The choice of an industry outsider to address EMI's problems was lauded by some music industry executives and analysts as creative and risk-taking. It struck others as an act of desperation.

Merrill, 37, said he saw the move as a rare opportunity to help change an industry and create something new in a medium he loves.

"Music is so central to people," he said in an interview. "I am super excited to be involved in helping music to figure out its next chapter."

EMI and its peers have struggled with declining revenue, as sales of digital downloads aren't growing fast enough to offset the decline of CD purchases. Terra Firma Capital Partners bought EMI last year for $4 billion, not including debt.
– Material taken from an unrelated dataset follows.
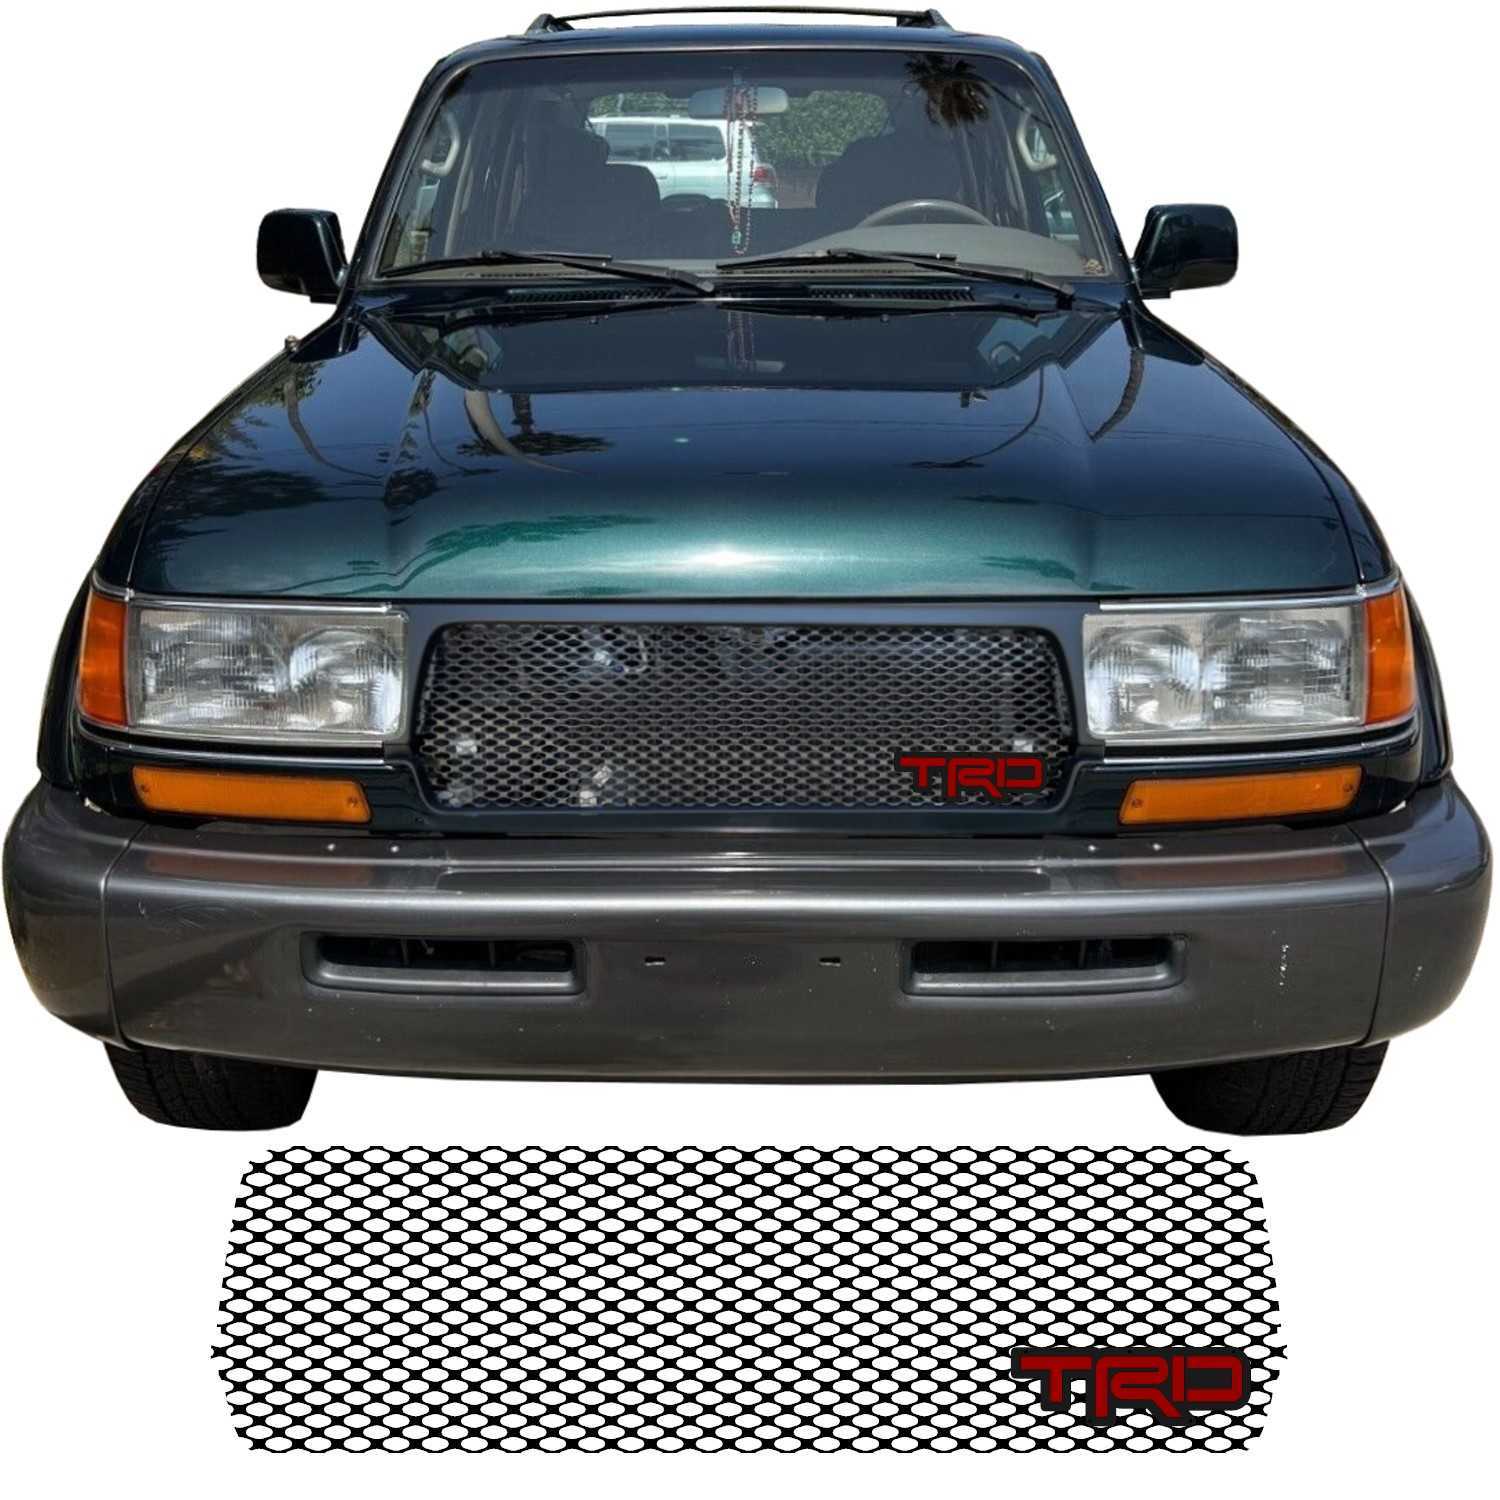 1991 - 1994 Toyota Land Cruiser Series 80 Grill Mesh and TRD Emblem
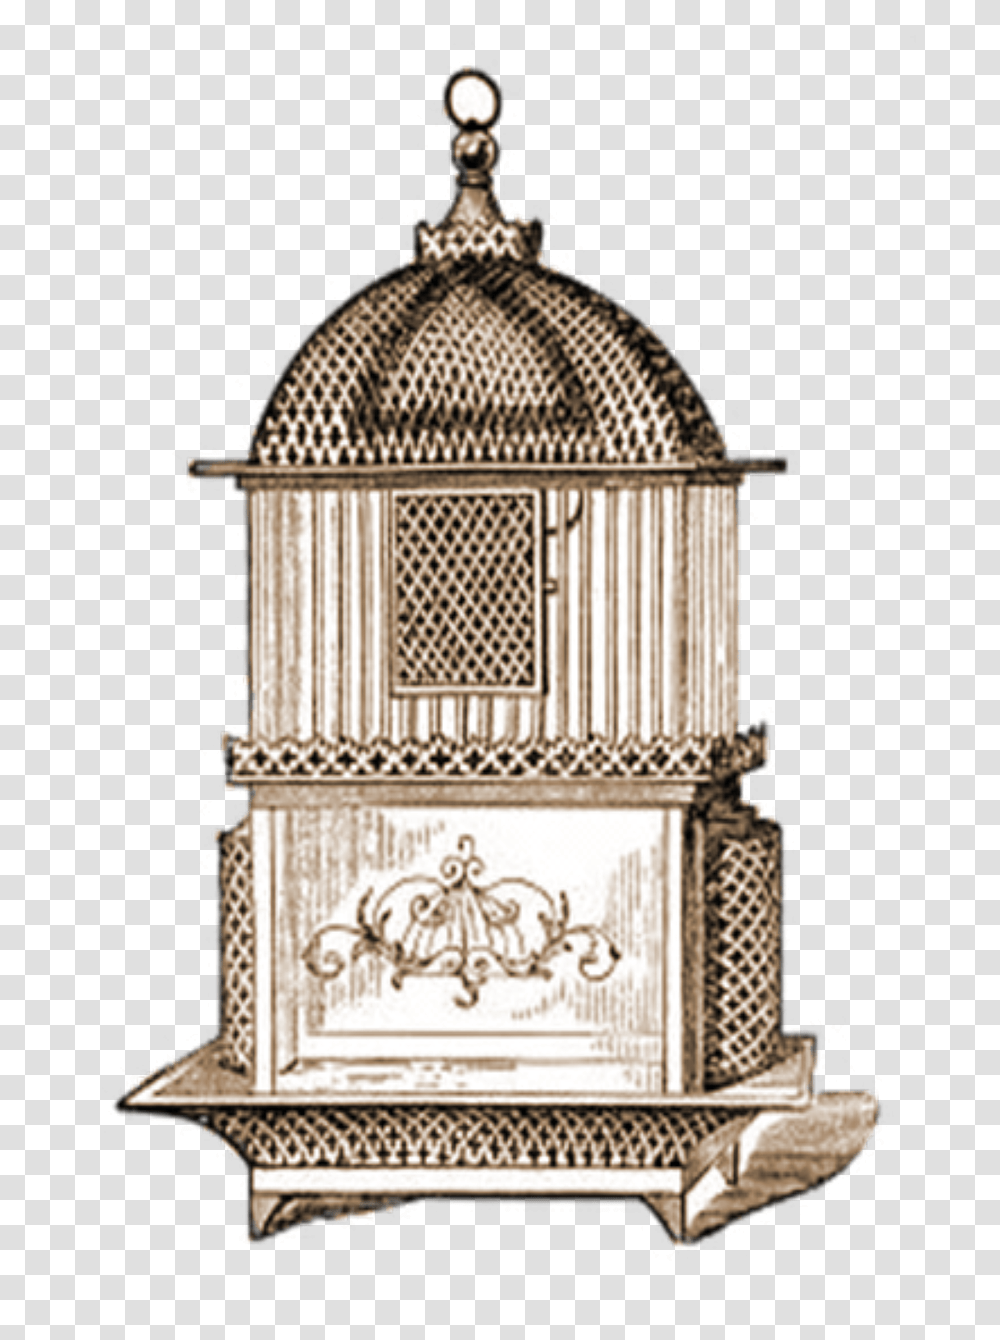 Bird Cage Element Morgan Harper Nichols For The Highs, Architecture, Building, Wedding Cake, Church Transparent Png

Earlier this year, the London-based music company laid off 1,500 employees, about one-fourth of its workers. EMI employs about 4,500 people today.

Merrill wouldn't discuss the specific challenges facing EMI. But he said he planned to bring with him the experimental spirit embodied at Google. He will report directly to Guy Hands, EMI's chairman and chief executive.

"Douglas is a proven agent of change who combines broad business intellect with a deep engineering background," Hands said in a statement.

As a sign of his willingness to consider bold moves, Merrill held open the possibility that people sharing music online -- an illegal practice that the music industry has fought to stop through lawsuits -- might help some artists during certain parts of their career.

"Maybe a lot of the things we assume are not actually correct," he said.